[What the task requires]
Print every entry word for word, but omit the pictures.

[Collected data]
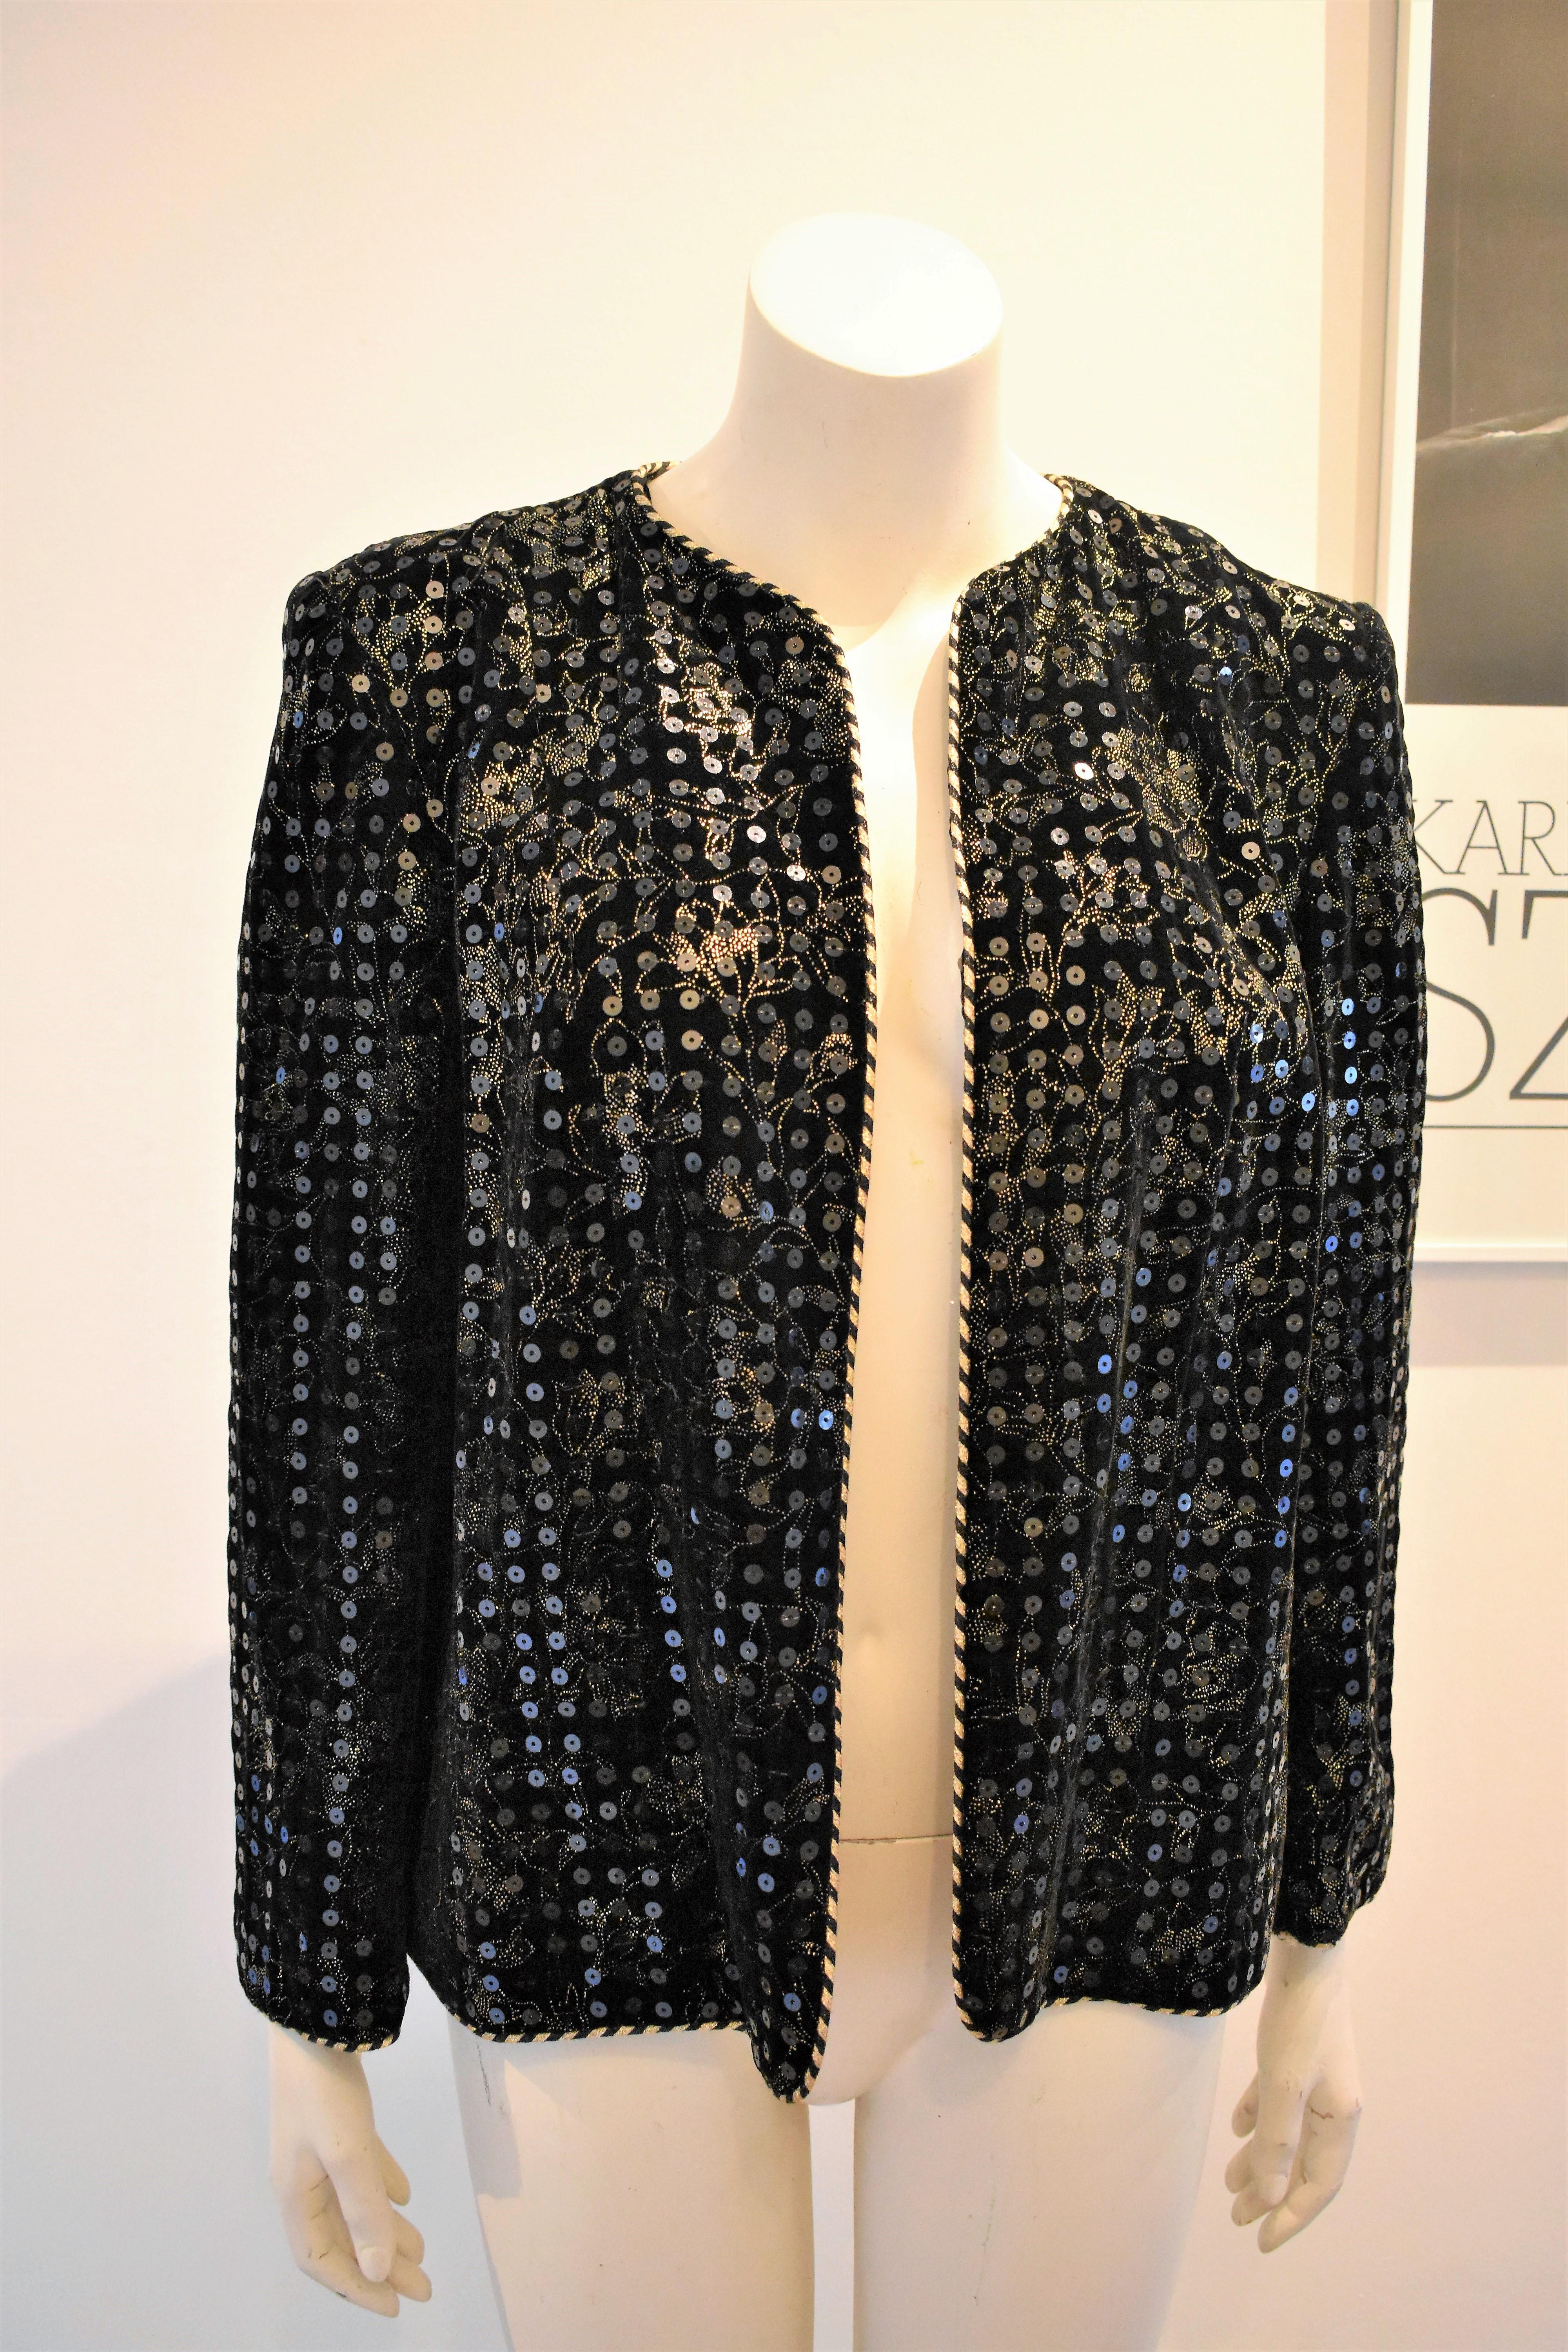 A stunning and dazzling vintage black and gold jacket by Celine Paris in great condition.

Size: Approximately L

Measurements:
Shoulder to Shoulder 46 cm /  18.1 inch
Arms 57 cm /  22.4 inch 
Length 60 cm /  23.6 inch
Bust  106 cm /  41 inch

[Solution for this problem]
 A stunning and dazzling vintage black and gold jacket by Celine Paris in great condition.

Size: Approximately L

Measurements:
Shoulder to Shoulder 46 cm /  18.1 inch
Arms 57 cm /  22.4 inch 
Length 60 cm /  23.6 inch
Bust  106 cm /  41 inch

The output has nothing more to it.